Unraveling Biomarkers through Multi-Modal Data Fusion
Evrim Acar, Simula Research Lab
Fusing complementary signals from different modalities holds the promise to lead to the discovery of more accurate diagnostic biomarkers for various diseases. For instance, in neuroscience, joint analysis of signals from different neuroimaging techniques has the potential to reveal biomarkers for neurological disorders. However, biomarker discovery through data fusion is challenging since it requires extracting interpretable and reproducible patterns from data sets consisting of shared as well as unshared patterns, and often of different orders, e.g., multi-channel electroencephalography (EEG) signals from multiple subjects can be represented as a third-order tensor with modes: subjects, time, and channels, while functional magnetic resonance imaging (fMRI) data may be in the form of a subjects by voxels matrix. Traditional fusion methods rearrange higher-order tensors as matrices and uses matrix factorization-based fusion approaches with additional constraints such as statistical independence or orthogonality to extract patterns, i.e., biomarkers, uniquely.
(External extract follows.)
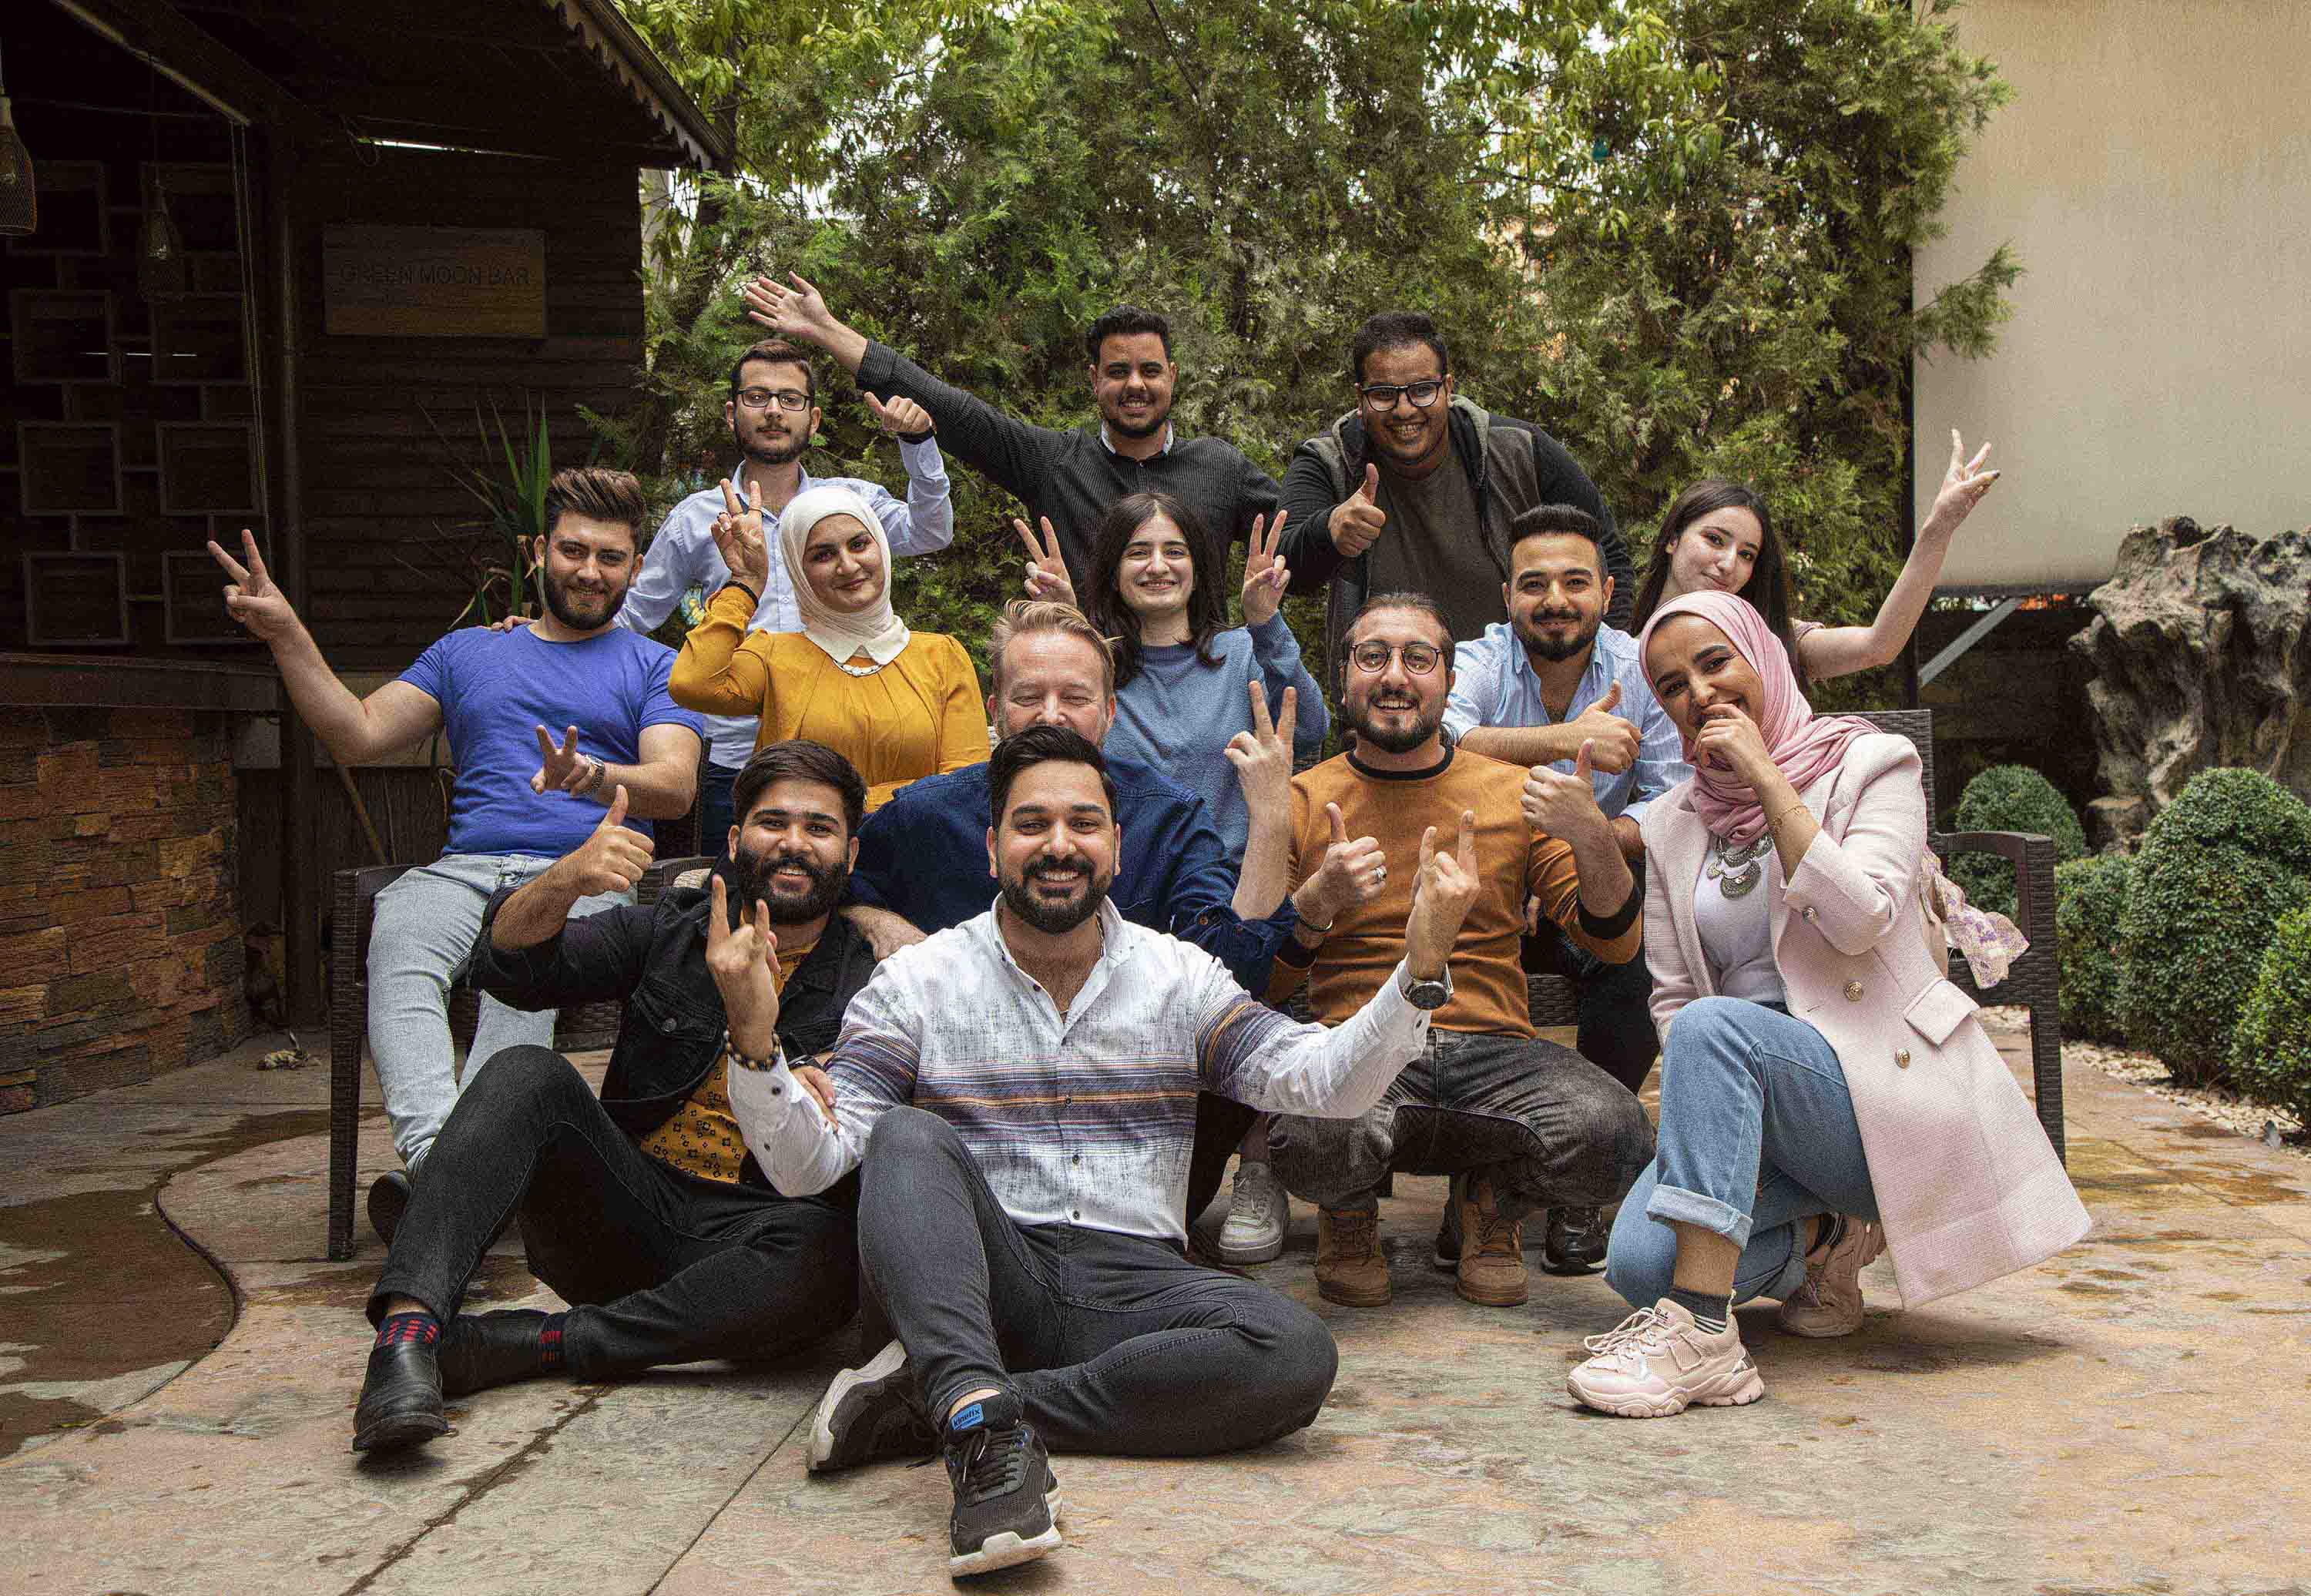 Under programmet Salam får ungdomarna lära känna andra ungdomar från olika bakgrunder, religiösa grupper och städer i Irak. Ungdomarna delar en önskan om att skapa fred och ett bättre samhälle. Bild: Tech4Peace

Rather than imposing such constraints, we preserve the multiway structure of higher-order tensors, formulate data fusion as a coupled matrix and tensor factorization (CMTF) problem and discuss its extension to structure-revealing data fusion, i.e., fusion models that can identify shared and unshared patterns in coupled data sets. Numerical experiments on prototypical and real coupled data sets demonstrate that the structure-revealing CMTF model can capture the underlying patterns more accurately than matrix factorization-based fusion methods by exploiting the low-rank structure of higher-order tensors. We will discuss applications of CMTF-based fusion models in metabolomics and neuroscience.